Примерно две недели спустя он осматривал египетские древности, недавно попавшие в руки лондонского торговца. Большинство из них были обычными и не интересовали его. Но некоторые из них были более достойны внимания, и он сел, чтобы внимательно их рассмотреть. Его особенно привлекли какие-то таблички из слоновой кости, на которых, как ему показалось, можно было различить остатки надписи. Если так, то это явная находка, так как частные записи такого рода очень редки и могли пролить свет на некоторые интимные подробности частной жизни интересовавшего его периода, которые обычно не фиксируются на памятниках. Поглощенный этим исследованием, он постепенно ощутил неопределенный ужас, и обнаружил, что находится в каком-то дневном сне, обладающим многими из сверхъестественных качеств кошмара. Ему казалось, что он гладит огромную черную кошку, которая все росла и росла, пока не приобрела гигантские размеры. Мягкий мех ее лап сгустился и вплелся в пальцы, подобно массе шелковистых живых змей; кожу покалывало от множества крошечных укусов ядовитых клыков; мурлыканье существа нарастало, пока не превратилось в рев, подобный реву водопада, и не захлестнуло все его чувства. Он мысленно тонул в море надвигающейся катастрофы, когда, сделав последнее усилие, освободился от наваждения и вскочил. Затем он обнаружил, что его рука машинально поглаживала маленькую нераспечатанную мумию животного, при ближайшем рассмотрении оказавшейся мумией кошки.

Следующий инцидент, который, по его мнению, стоило записать, произошел несколько дней спустя. Он удалился отдохнуть в своем обычном здравии и крепко спал. Но к утру был потревожен сном, напоминавшим тот вид ночного страха, который часто встречается в детстве.

Две далекие звезды начали увеличиваться в размерах и сиять, пока он не увидел, что они приближаются к нему с невероятной скоростью. Через несколько мгновений они должны захлестнуть его морем огня. Они двигались вперед, выпучиваясь и раскрываясь, подобно огромным пылающим цветам, с каждым мгновением становясь все ослепительнее и ослепительнее; а затем, как только они оказались над ним, они внезапно превратились в два огромных кошачьих глаза, пылающих зеленым и желтым. Он с криком вскочил в постели и тотчас же проснулся. На подоконнике лежал огромный черный кот, сверкая на него желтыми глазами. Мгновение спустя кот исчез.

Но самое загадочное заключалось в том, что подоконник не был доступен никому, у кого не было крыльев. Не существовало никаких средств, с помощью которых кот мог бы взобраться на него. В саду внизу не было никаких следов.

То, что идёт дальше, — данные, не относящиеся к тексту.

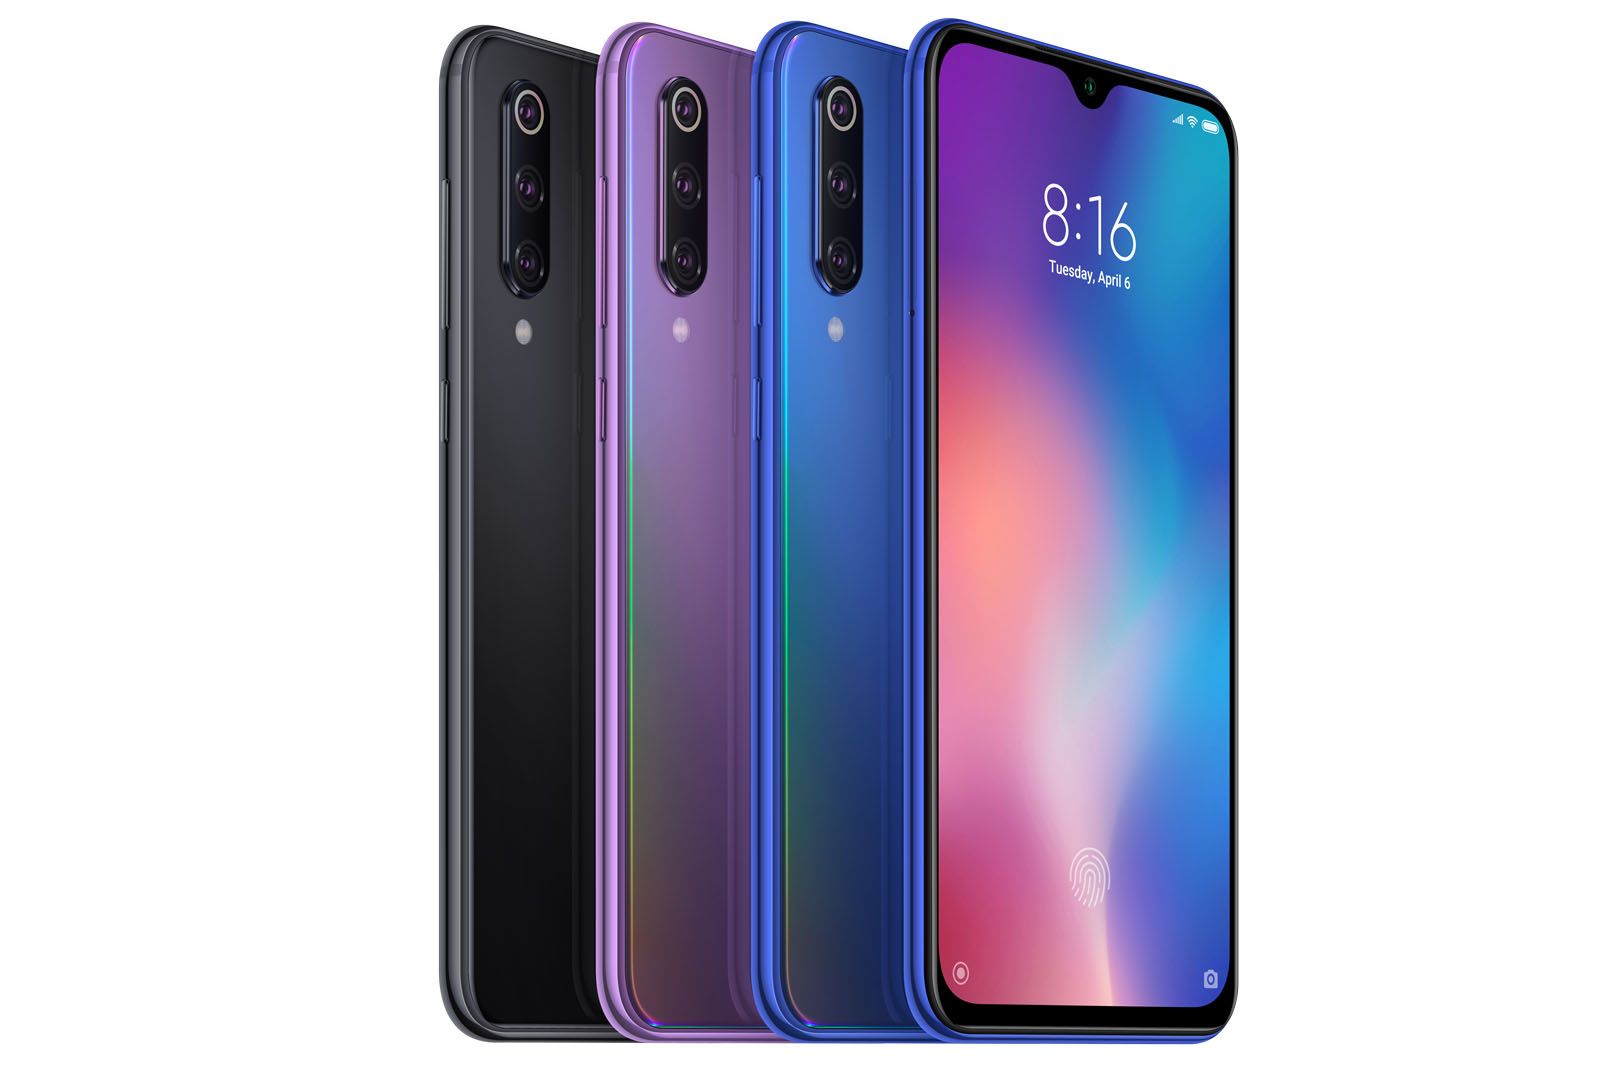 Xiaomi is bringing another Mi 9 version to the UK image 2

Дата следующего события неясна, так как, по-видимому, оно не было записано в то время, когда произошло. Но, похоже, оно случилось в течение нескольких дней после странного сна. Сидни понадобилось открыть шкаф, который был заперт. В нем хранились рукописи и другие ценные бумаги, а ключ никогда не покидал места, в котором лежал. Насколько ему было известно, шкаф не открывали по меньшей мере месяц. Теперь ему представился случай обратиться к собранию заметок, связанных с его любимым исследованием. Открыв шкаф, он сразу же почувствовал странный запах. Это был не совсем мускусный запах, но его можно было описать только как запах животного, слегка напоминающий кошачий. Но что сразу привлекло внимание Сидни и вызвало у него крайнее раздражение, так это то, что бумаги были потревожены. Разрозненные бумаги, покрытые какими-то дырочками, были свалены на полке в беспорядочную кучу. Они походили на гнездо, потому что были небрежно сложены в круг с углублением посередине. Это выглядело так, как будто какое-то животное свернулось там, собираясь спать; размер углубления был как раз такой, какое сделал бы кот.

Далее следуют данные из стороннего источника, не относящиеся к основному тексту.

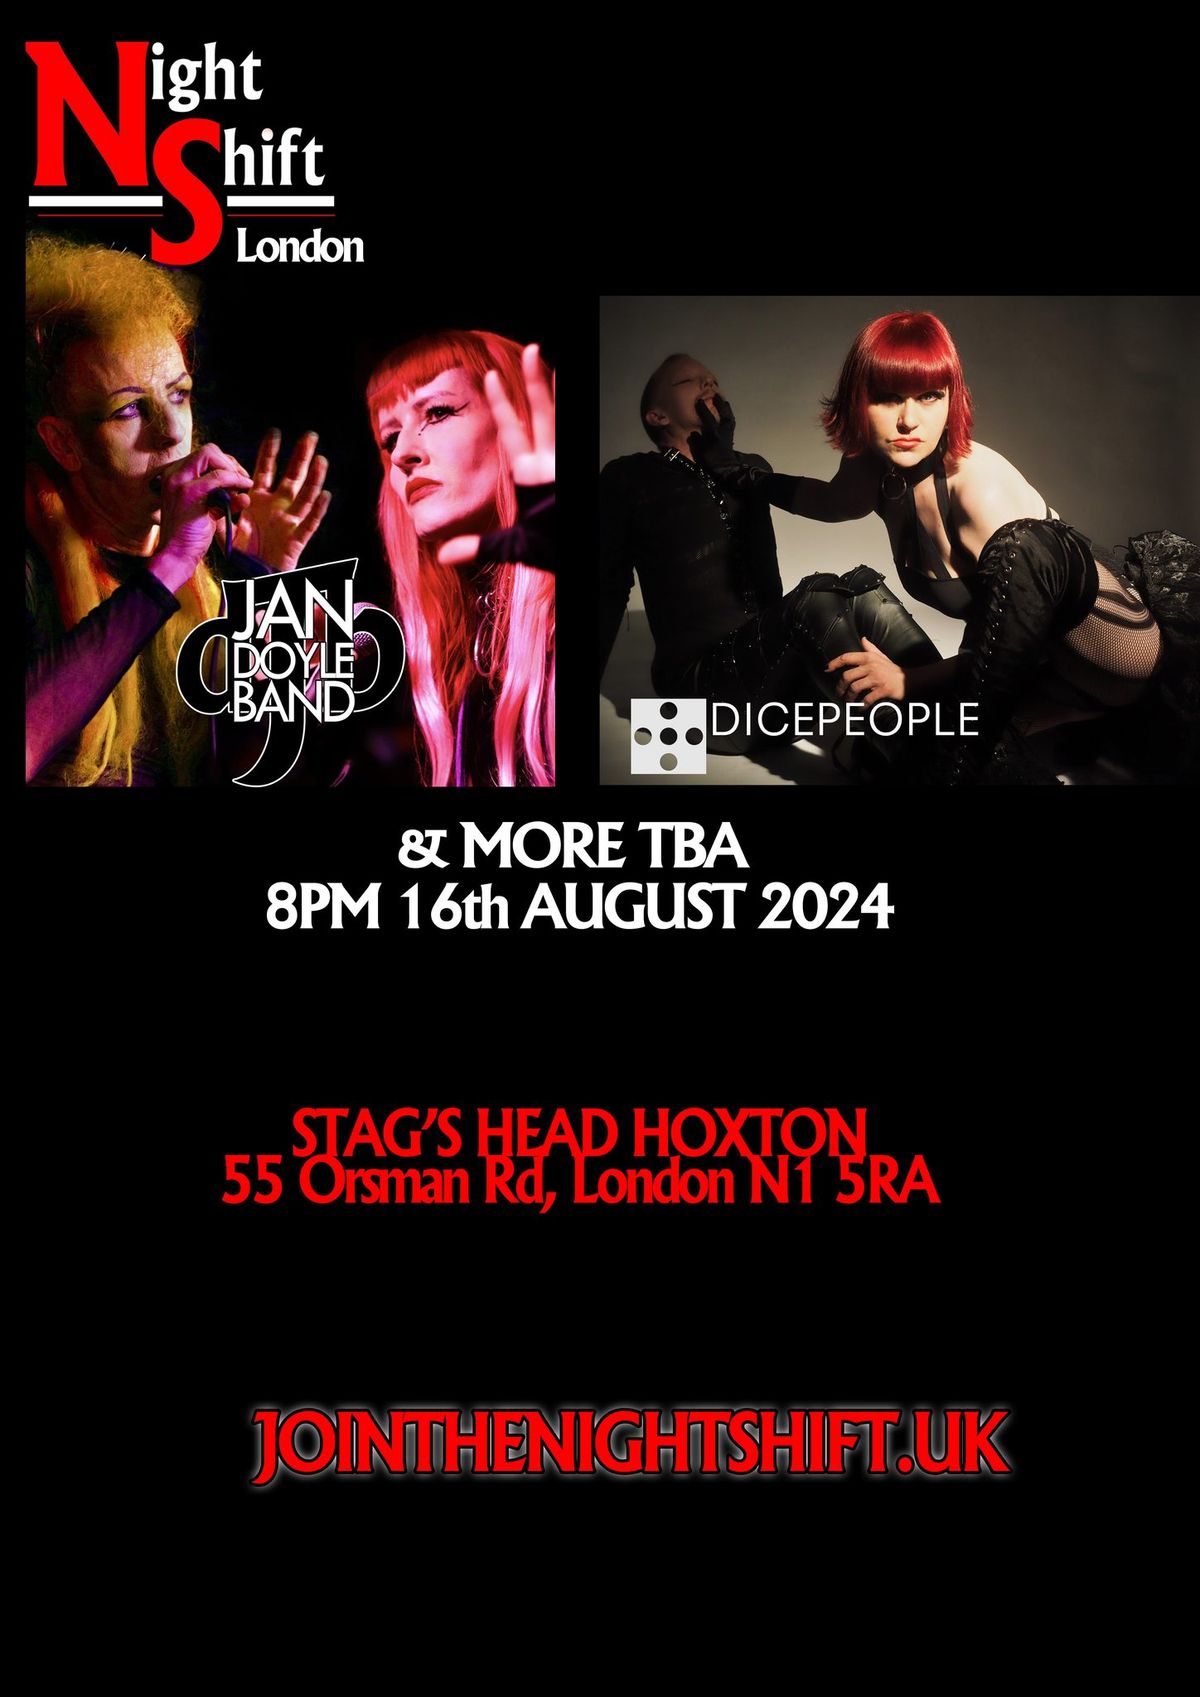 Night Shift London: Jan Doyle Band. Dicepeople & more (16th August)

Сидни был слишком раздражен беспорядком в своих бумагах, чтобы в данный момент оказаться сильно впечатленным их странным расположением; но когда он начал собирать бумаги и приводить их в порядок, это стало для него шоком. Некоторые из них казались слегка запачканными, и при ближайшем рассмотрении он обнаружил, что они были испещрены короткими черными волосками, как у кошки.

Примерно через неделю он вернулся вечером позже обычного, посетив заседание научного общества, к которому принадлежал. Он достал из кармана ключ, чтобы открыть дверь, когда ему показалось, будто что-то потерлось о его ногу. Посмотрев вниз, он ничего не увидел, но сразу же почувствовал это снова, и на этот раз ему показалось, что он увидел черную тень возле своей правой ноги. Приглядевшись, он ничего не увидел, но, войдя в дом, отчетливо почувствовал, как что-то мягкое коснулось его ноги. Когда он остановился в прихожей, чтобы снять пальто, то разглядел слабую тень, которая, казалось, поднималась по лестнице. Это была, конечно, всего лишь зыбкая тень, потому что свет был хороший, и он видел ее ясно. Но ничто не двигалось, чтобы объяснить перемещающуюся тень. И то, как двигалась тень, странно напоминало кошку.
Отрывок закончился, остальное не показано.